In both X-men Evolution, and her comic book origin story “X-23: Innocence Lost,” she turns on her creators. By that, I mean she fucking maims every one of them. However, she still sees Logan as the reason she exists. It’s his DNA that made her. At first, she sees him as a source of pain. Eventually, though, she comes to see him as her salvation.

This is what is so meaningful and relevant about X-23 and her story. She was literally created to be more weapon than human. She was not supposed to have family, emotions, or attachments of any kind. Despite this, and all the torture that came with it, she still sought those connections out.

She even achieved it, thanks to her own efforts, as well as Logan. She came to see him as a father rather than an enemy. Logan, despite his predilection for beer and married women, embraced the opportunity to be a father to this girl. He brought out the best in X-23 and she brought out the best in him.

As a character, X-23 is both compelling and relevant. With Hugh Jackman leaving the X-men movies, who else can carry on his legacy? Deadpool can do a lot, even with his pants on, but even the sex appeal of Ryan Reynolds has its limits.

The X-men comics have already taken that step. After Wolverine died in a final battle against his creators, X-23 decided to honor her father’s legacy by taking on his mantle. On top of that, the yellow spandex looks better on her.

There’s one more reason why X-23 is so important to the future of the X-men, superhero movies, and female characters as a whole. At the moment, every comic company and movie producer not on a cocaine binge is trying to create better female characters. In many respects, they have plenty to work with.

DC and the Justice League have Wonder Woman, who is a already a female icon. Marvel has Captain Marvel, who they are working tirelessly to make into a female icon. The X-men also have Storm, a female character whose grace and badassery transcend race, gender, or whatever else hippies bitch about. However, X-23 represents something that’s different and vital.

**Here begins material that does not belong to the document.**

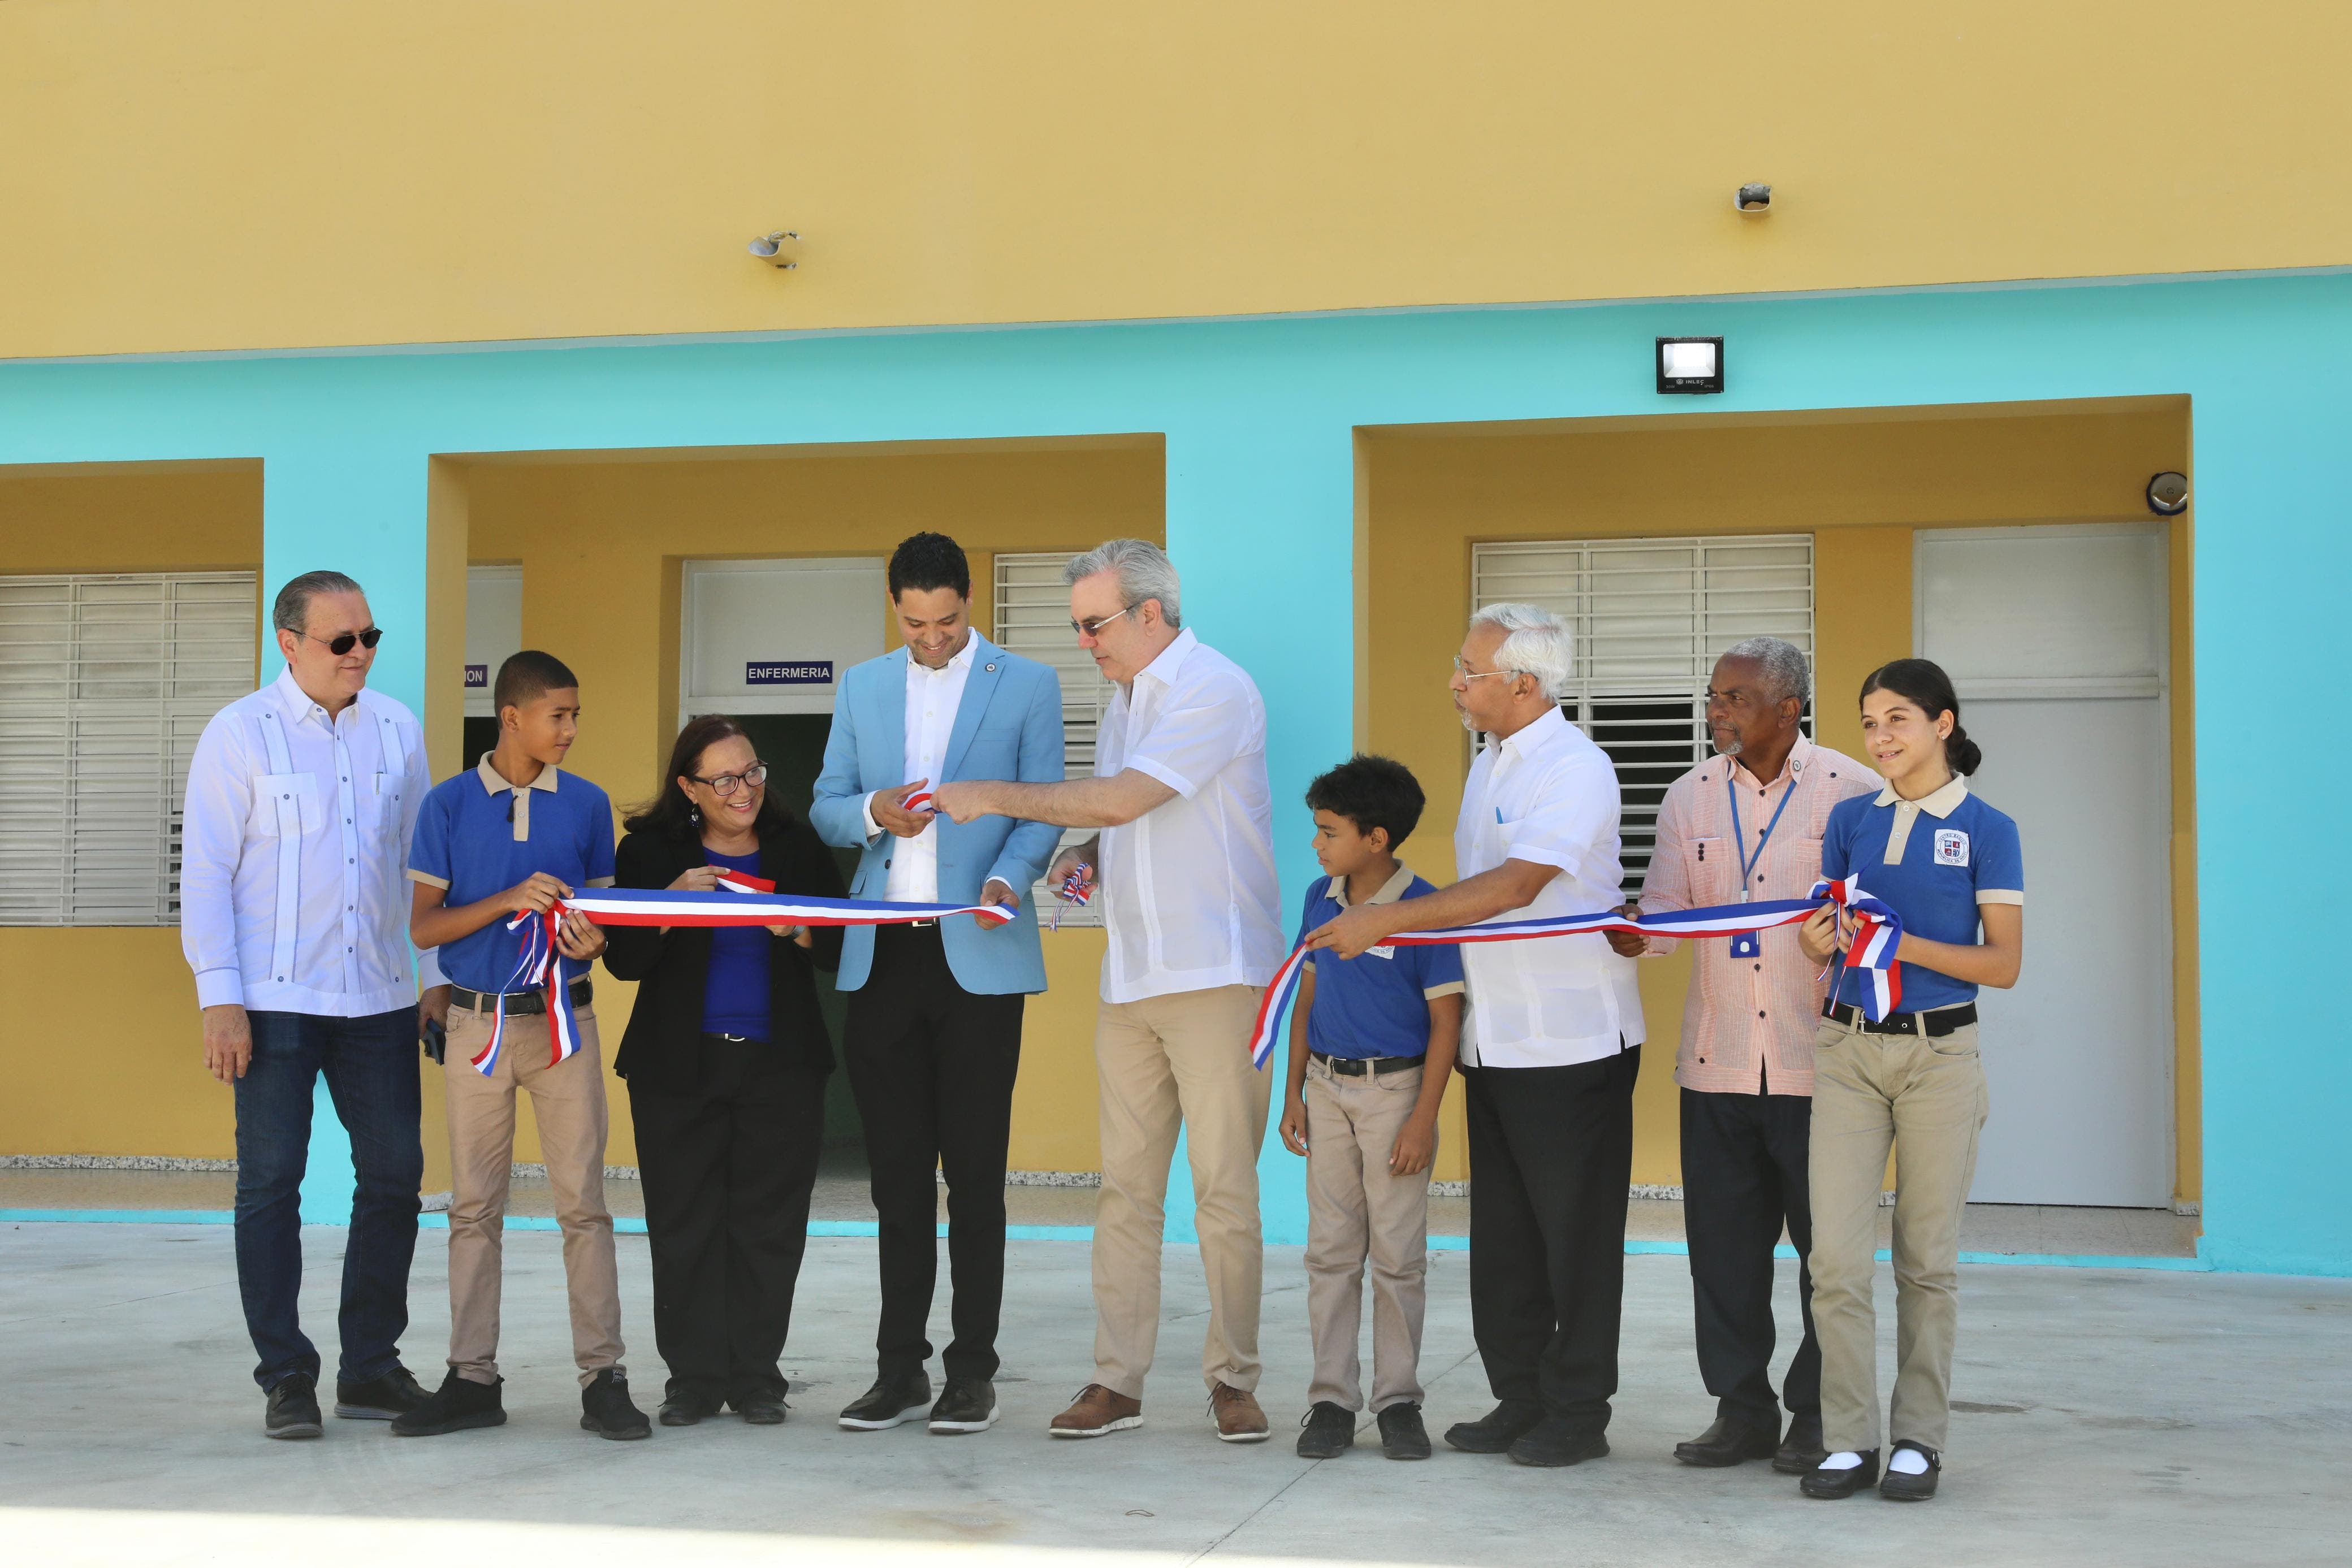 Presidente Abinader inaugura Escuela Mercedes Sepúlveda en el Ensanche Luperón

It’s not just that these iconic female characters are all adults who have established themselves in competent roles. These characters try to embody the best of what women can be. X-23 follows a different struggle. She fights to overcome the dehumanization she endured as a child and become her own person. It’s a constant struggle, one that leads to some pretty brutal moments, but one that’s wholly relevant in 2017.

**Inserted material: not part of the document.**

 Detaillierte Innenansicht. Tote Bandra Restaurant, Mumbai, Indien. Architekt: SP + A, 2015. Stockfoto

While “Logan” may be Hugh Jackman’s swan song to an iconic character, it’s also a celebration of the emergence of X-23. At a time when women have plenty of reasons to dread, X-23 represents the will and strength to confront those challenges, stab them, look damn good while doing it.

All his life, and through Hugh Jackman’s charisma, Wolverine claimed to be the best he was at what he did. Now, thanks to X-23, he can rest easy knowing that his legacy is secure.